Nanomech, Inc. v. Arunya Suresh
February 6, 2015
United States Court of Appeals for the Eighth Circuit
On February 6, the 8th Circuit released an opinion finding that a Global Noncompete Agreement was overbroad, and therefore unenforceable. Arunya Suresh began working at NanoMech in 2010, agreeing to the noncompete which was for two years following termination with or without cause, and would have prevented Suresh from working or consulting with any business that competes with NanoMech. The agreement did not state a geographic limitation, and so was presumably enforceable anywhere in the world.
Suresh left NanoMech in May 2012, stating she was going to pursue her doctorate degree. However, NanoMech discovered she had actually accepted a position as a chemist at competitor BASF. At the district court level, NanoMech was unsuccessful in obtaining an injunction against Suresh, and ultimately the 8th Circuit Court upheld the decision.
This sort of global noncompete is frowned upon by most courts, and will often not stand up to the three-part test used in Arkansas (but fairly typical elsewhere), that looks at 1) whether the employer has a valid interest to protect, 2) whether the geographical restriction is overly broad, and 3) whether the time limit imposed is reasonable. In this case, the court ruled the combination of the broad restriction on the things Suresh could not do, considered together with the complete lack of geographic limitation, renders the noncompete overbroad and unenforceable. In the court's words, the lack of geographic limitation was particularly oppressive because the agreement "prohibits her from working in any capacity for any business that competes with the company."

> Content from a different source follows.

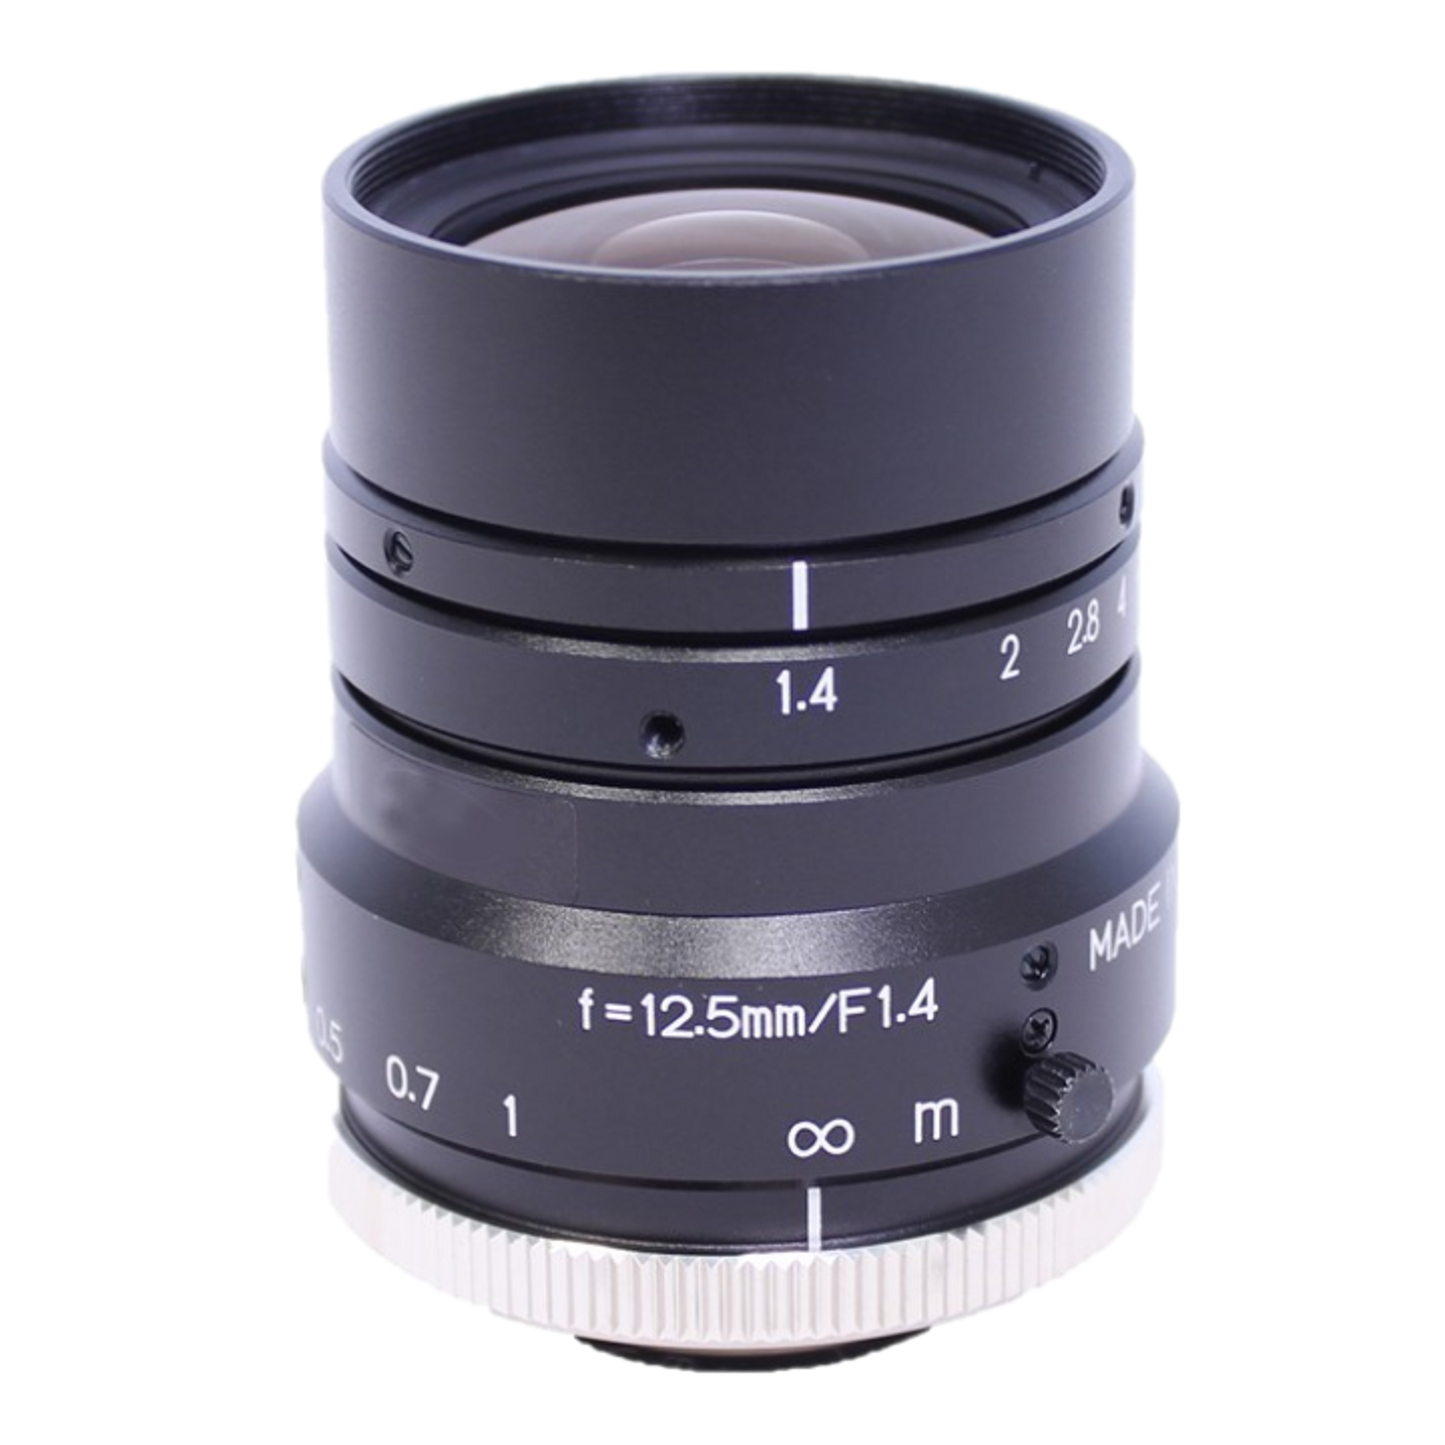 12.5mm Standard Lens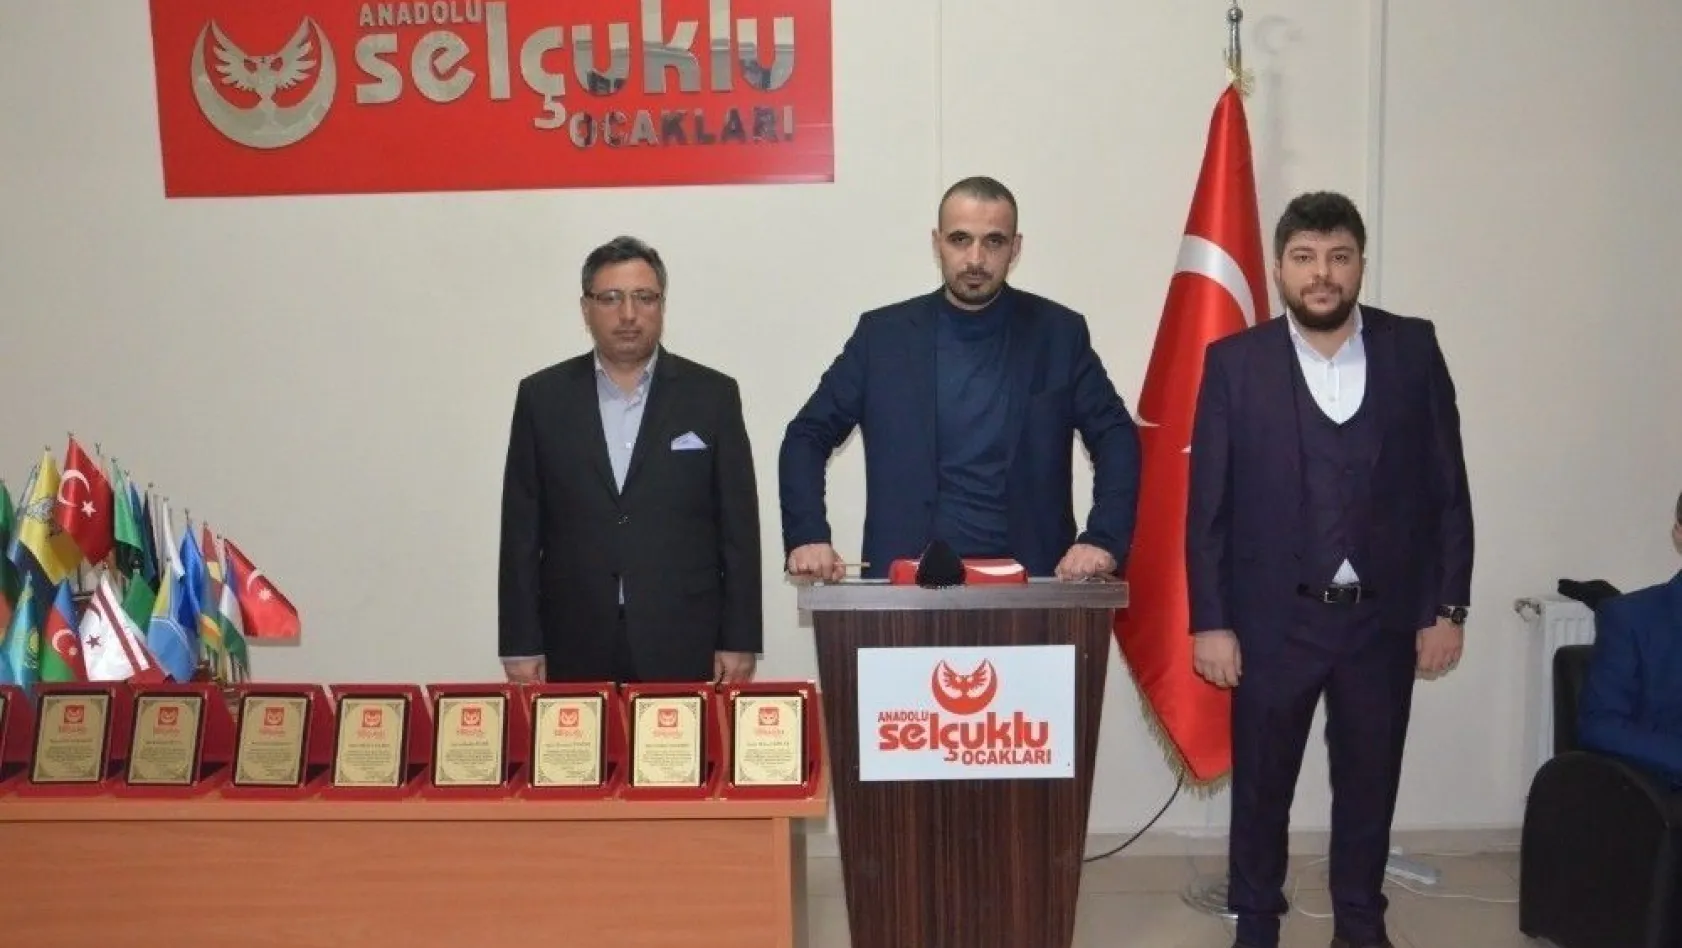 Anadolu Selçuklu Ocakları Malatya İl Başkanlığında görev değişimi

This decision is interesting since Arkansas affords trade secrets particularly strong protection. In fact, Arkansas has previously upheld certain global noncompetes, but as the court pointed out, the restrictions in those cases were far more narrowly tailored as to the prohibited conduct. In both cases discussed, the employees simply couldn't solicit clients with whom they had contact with while employed by their respective former employers. It was this very narrow limitation on what conduct they could not do do that the courts found to justify a lack of geographic limitation in the noncompete agreements.